No. When families sign up directly for the ACP through the National Verifier, they submit their eligibility documentation and schools and districts will not be contacted to verify student participation in the NSLP and SBP.

For CEP schools or districts, USAC will automatically check the name of the CEP school or district against the Food Research and Action Center (FRAC) database to confirm the CEP status of the school provided by the household on the ACP application. However, households will be required to enter the school’s name, the student’s name, and provide documentation from the current school year to the school year immediately preceding the ACP application that shows that the student listed on the application is enrolled in the CEP school. The student must still be enrolled at the CEP school at the time of the ACP application.

For non-CEP schools, neither USAC nor the participating provider will be contacting the school or district to confirm the student’s participation in the free or reduced price school lunch program or school breakfast program.

If the school, district, local government, or other community organization is paying the full cost of internet service and the receiving household does not pay any fee for the service, the ACP subsidy cannot be claimed by the school, district, etc. or the household. If any such local program ends, eligible households could instead receive a discount through the ACP.
Additional information can be found on USAC’s consumer website, or by calling the USAC Affordable Connectivity Program Support Center at 877-384-2575. You can also find information on the FCC’s website,


This document was produced by the U.S. Department of Education (Department) regarding the Federal Communications Commission’s Affordable Connectivity Program (ACP). Other than statutory and regulatory requirements included in the document, the contents of this guidance do not have the force and effect of law and are not meant to bind the public. This document is intended only to provide clarity to the public regarding existing requirements under the law or the Department’s or agency’s policies.  

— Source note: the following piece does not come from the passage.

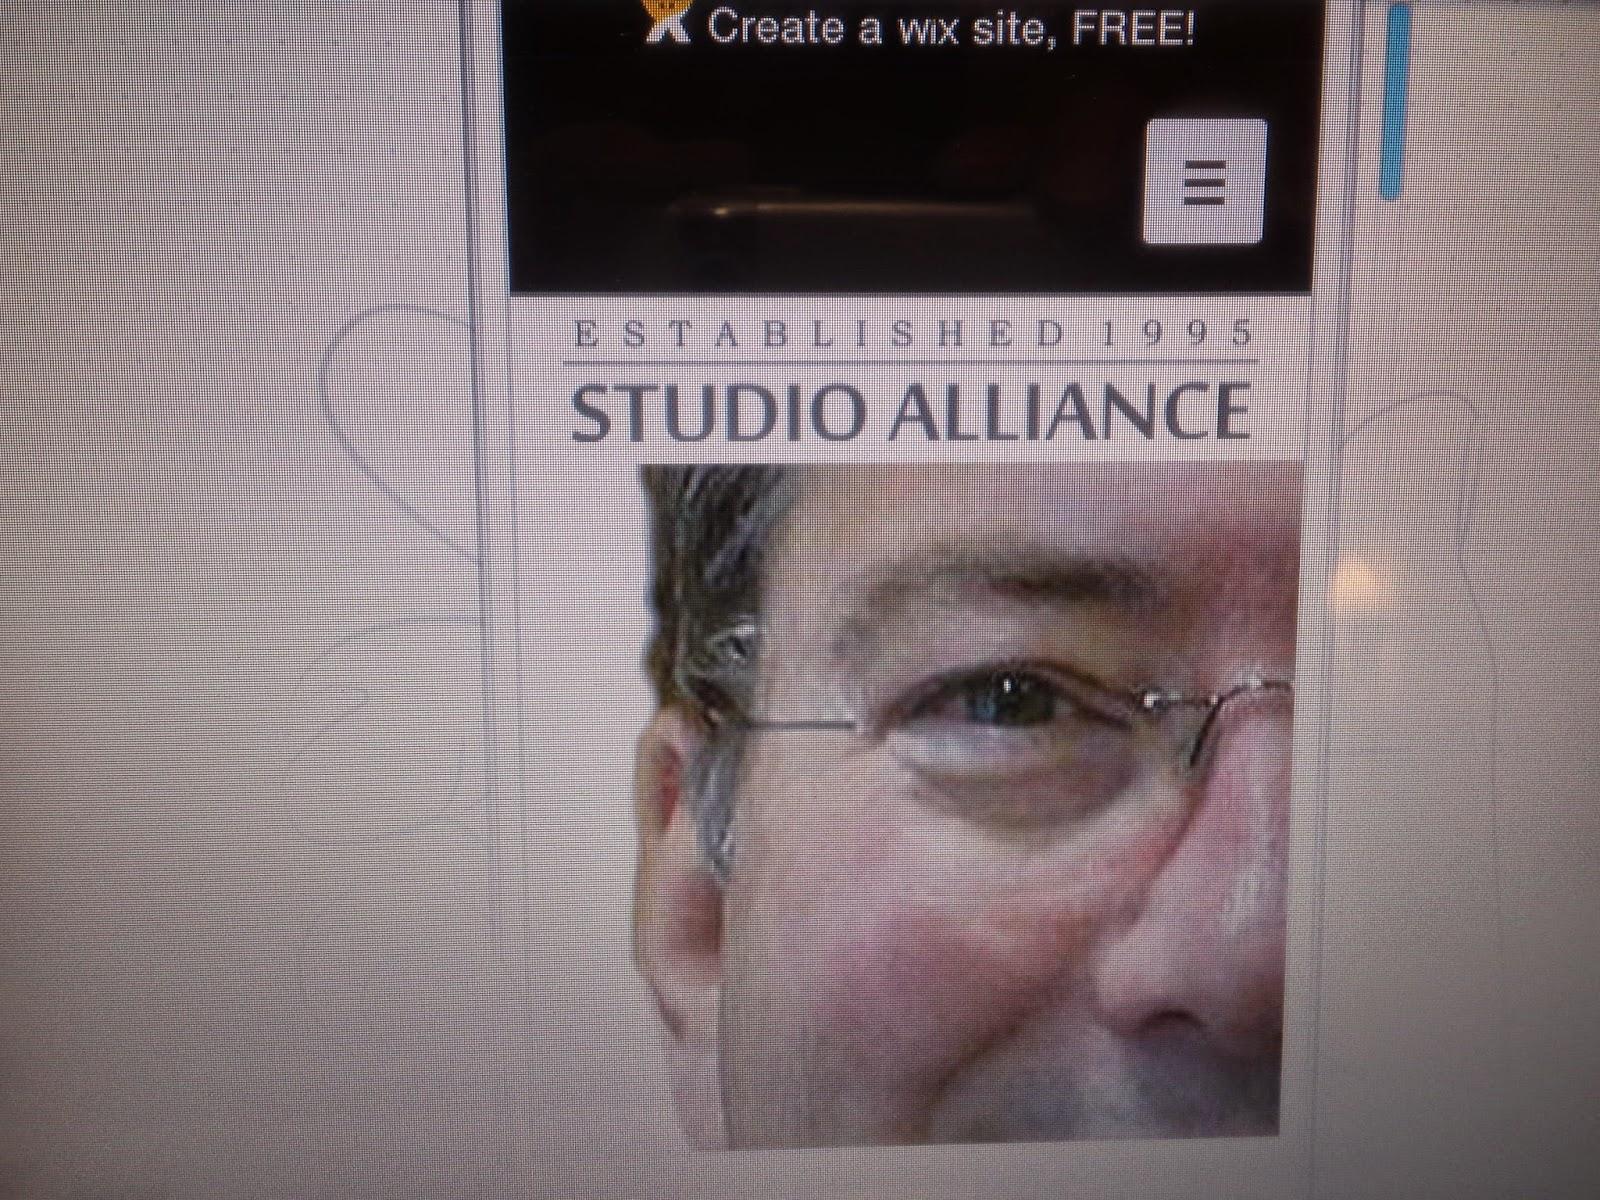 http://studioalliance5.wix.com/intro

This document contains resources (including links to those resources) that are provided for the user’s convenience. Inclusion of these materials is not intended to reflect their importance, nor is it intended to endorse any views expressed or products or services offered. These materials might contain the views and recommendations of various subject-matter experts, as well as hyperlinked text, contact addresses, and websites to information that other public and private organizations created and maintain. The opinions expressed in any of these materials do not necessarily reflect the positions or policies of the Department. The Department does not control or guarantee the accuracy, relevance, timeliness, or completeness of any outside information included in these materials.